Queen of the summer novel—how could she not be, with all her stories set on an island—Hilderbrand delivers a beguiling ninth (The Castaways, 2009, etc.), featuring romance and mystery on isolated Tuckernuck Island.
The Tate family has had a house on Tuckernuck (just off the coast of swanky Nantucket) for generations. It has been empty for years, but now Birdie wants to spend a quiet mother-daughter week there with Chess before Chess’s wedding to Michael Morgan. Then the unthinkable happens—perfect Chess (beautiful, rich, well-bred food editor of Glamorous Home) dumps the equally perfect Michael. She quits her job, leaves her New York apartment for Birdie’s home in New Canaan, and all without explanation. Then the unraveling continues: Michael dies in a rock-climbing accident, leaving Chess not quite a widow, but devastated, guilty, unreachable in the shell of herself.
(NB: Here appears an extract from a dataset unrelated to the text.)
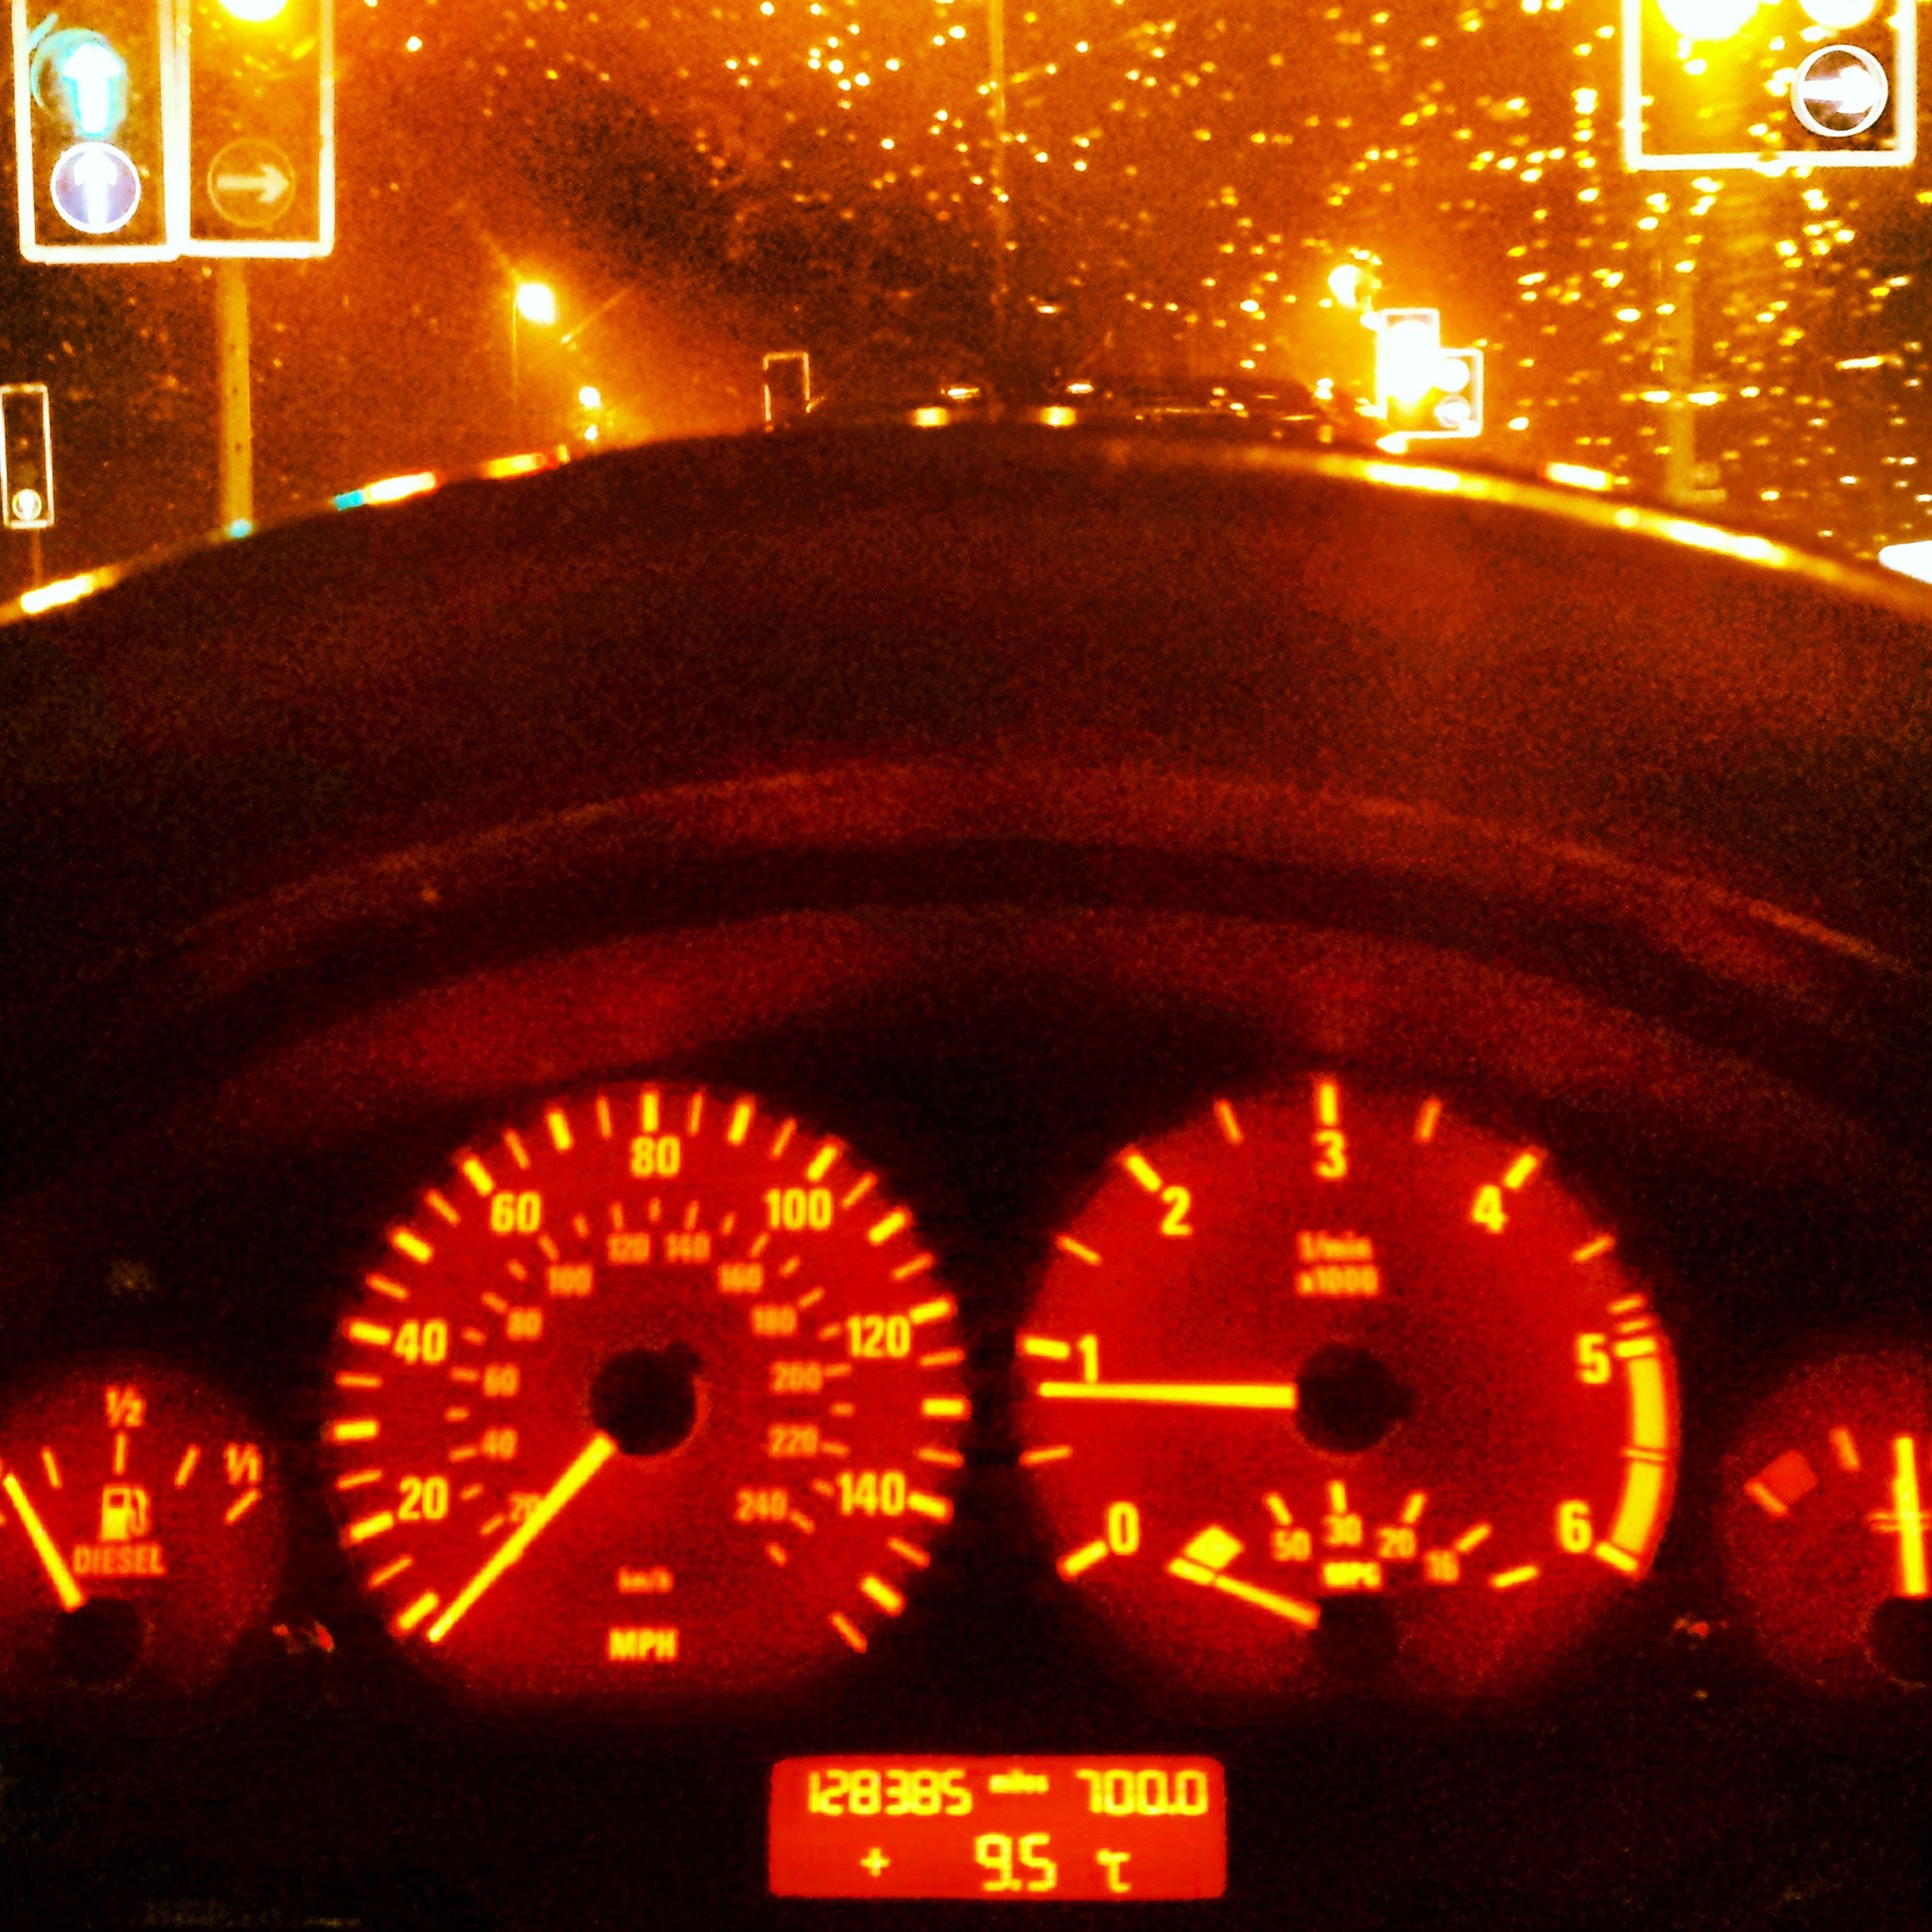 illuminated, night, transportation, text, mode of transport, land vehicle, car, communication, street, lighting equipment, number, road, western script, glowing, headlight, information sign, no people, guidance, light - natural phenomenon, speed

Birdie invites her younger daughter Tate (a pretty, naïve computer genius) and her own bohemian sister India, whose husband, world-renowned sculptor Bill Bishop, killed himself years ago, to Tuckernuck for the month of July, in the hopes that the three of them can break through to Chess. Hunky Barrett Lee is their caretaker, coming from Nantucket twice a day to bring groceries and take away laundry (idyllic Tuckernuck is remote—no phone, no hot water, no ferry) as he’s also inspiring renewed lust in Tate, who has had a crush on him since she was a kid. The author jumps between the four women—Tate and her blossoming relationship with Barrett, India and her relationship with Lula Simpson, a painter at the Academy where India is a curator, Birdie, who is surprised by the recent kindnesses of ex-husband Grant, and finally Chess, who in her journal is uncoiling the sordid, sad circumstances of her break with normal life and Michael’s death.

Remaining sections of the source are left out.